/RStatMod

Prediction and classification modelling through RStudio

Primary LanguageRMIT LicenseMIT

Regression Analysis and Results Visualization

Prediction and classification modelling through RStudio

This project focuses on performing regression analysis and visualizing the results using RStudio. Regression analysis is a statistical technique used to model the relationship between a dependent variable and one or more independent variables. It helps in understanding and predicting the impact of independent variables on the dependent variable.
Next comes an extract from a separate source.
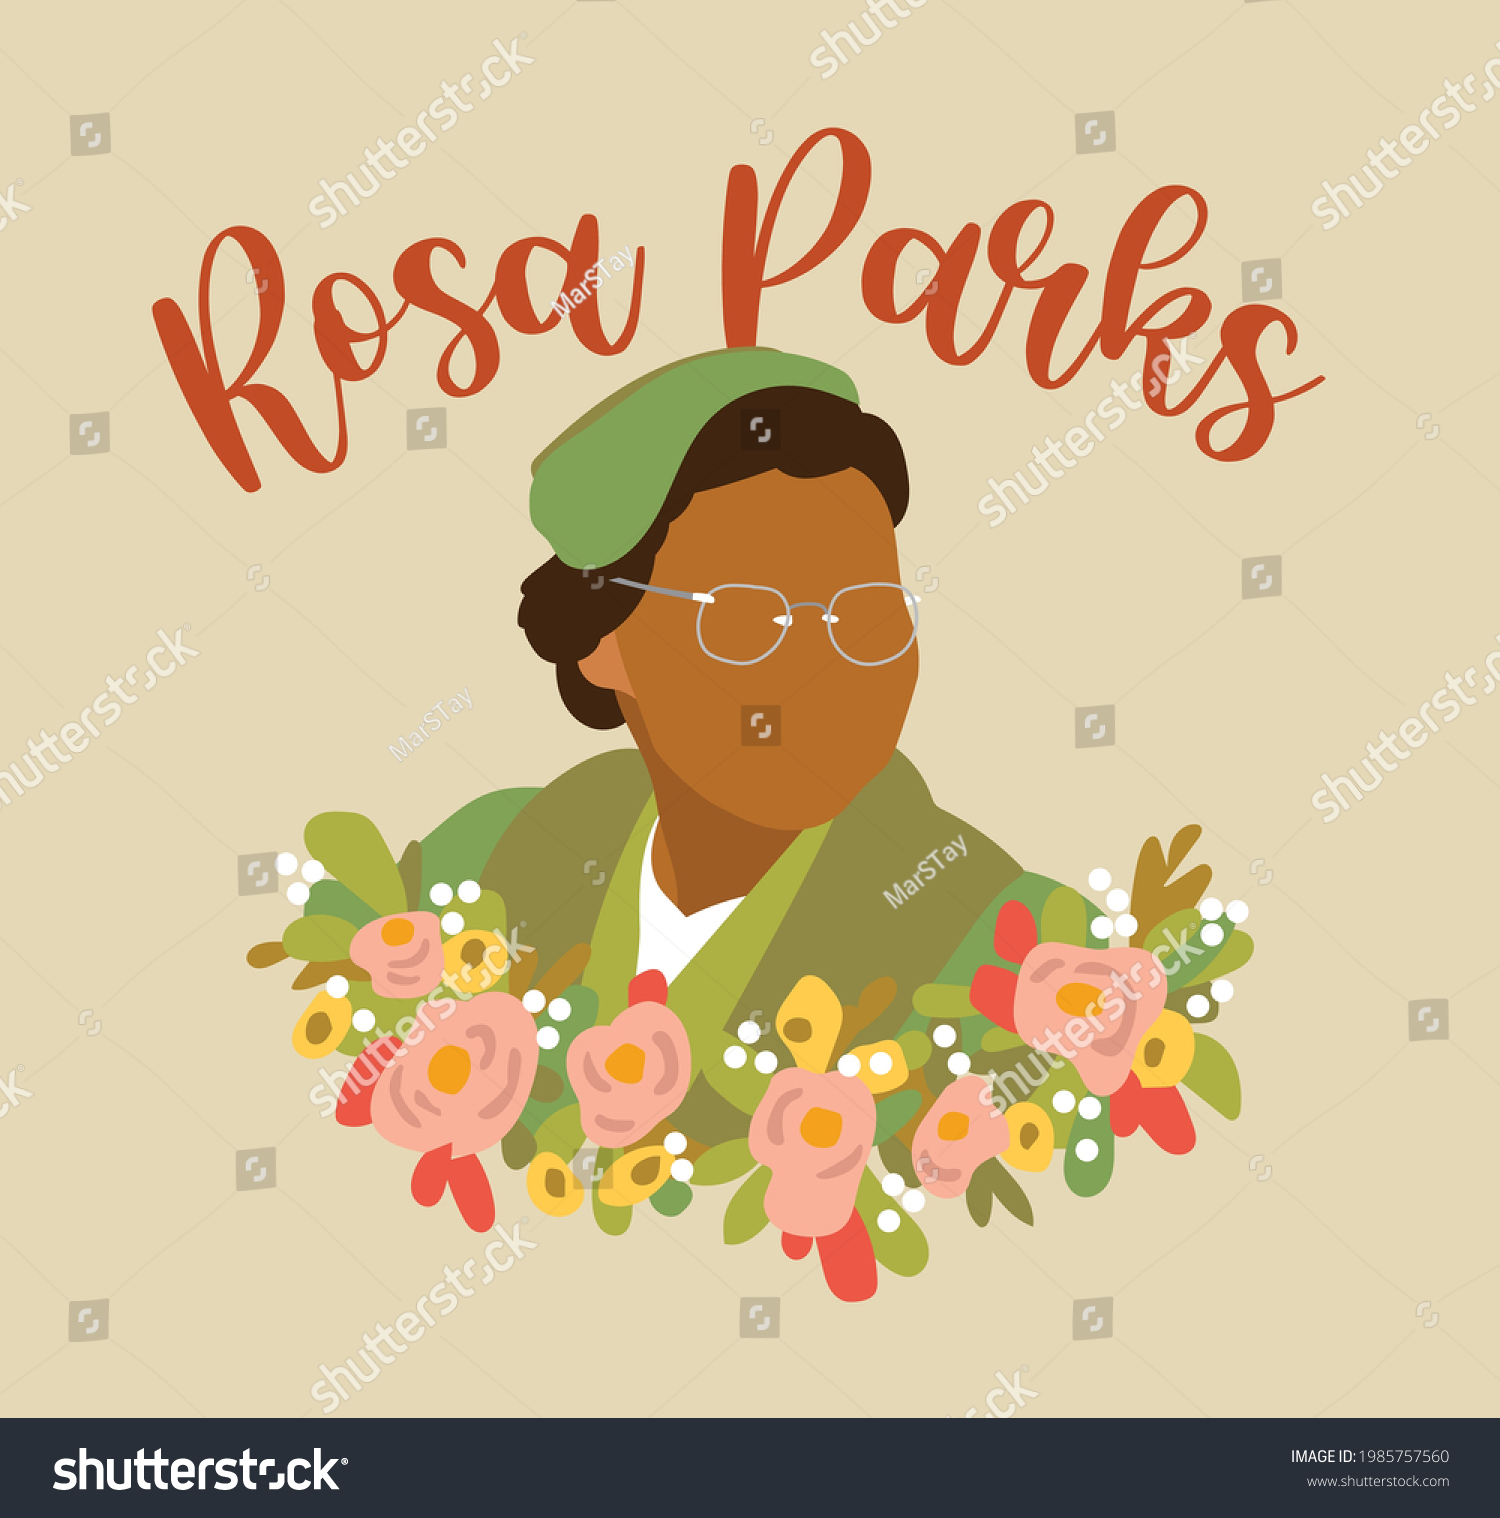 Graphic Design Illustration Decorative Rosa Parks Civil Rights Activist Minimalist Portrait #1985757560
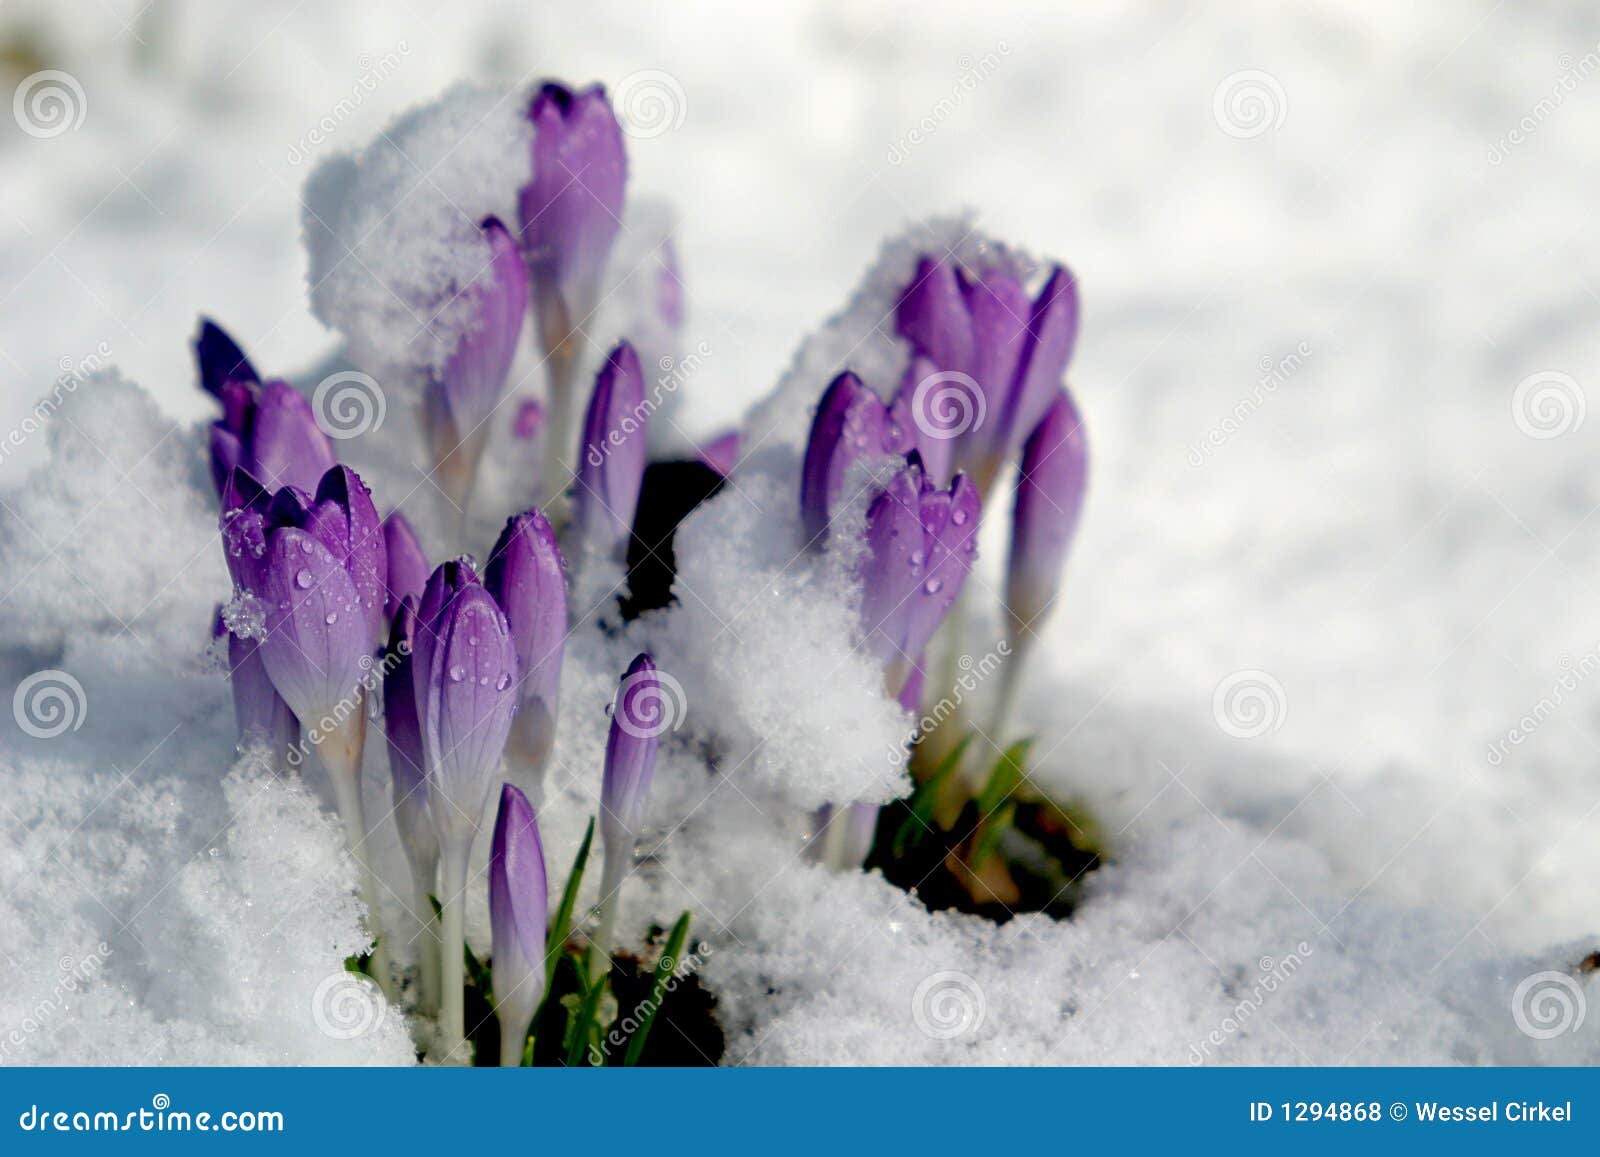 crocus in the snow (spring)

The purpose of this project is to showcase the application of regression analysis in a practical context and demonstrate how to interpret and visualize the results using RStudio. By using various regression techniques, we aim to uncover relationships, make predictions, and gain insights into the data. Project Features

Perform data preprocessing: Cleaning, handling missing values, and transforming variables if necessary.
Explore and analyze the dataset: Examine the distribution of variables, identify outliers, and assess correlations.
Build regression models: Utilize different regression techniques such as linear regression, logistic regression, or polynomial regression.
Assess model performance: Evaluate the accuracy and goodness of fit of the regression models.
Visualize results: Generate visualizations such as scatter plots, line plots, or bar graphs to interpret and communicate the regression results effectively.

Getting Started

To get started with this project, follow the steps below:

Install RStudio on your machine (if not already installed).
Clone or download the project repository from GitHub.
Open the project in RStudio, running .Rmd is suggested for best exmaination of code style. If Rmd is not installed, the auto-generated .R file delievers the same output.
Modify the path to the 'Data' folder as necessary in line 41 (for .R file) or line 63 (for .Rmd file)
Implement the regression models using the appropriate techniques based on your project requirements.
Evaluate the performance of the methods and code styles.
The results and analysis are contained in the PDF attached with the files.

Notably, the best performing models for both prediction and classifiction are submitted to a community kaggle competition held by the course convenor. Amongst the teams participated, the final prediction model (Bagging regression trees) achieved an MSE of 0.303, achieving a rank of 1/38 in the competition. Additionally, the final classification model (Bagging regression trees) achieved a rank of 23/35 with a final rating of 0.927.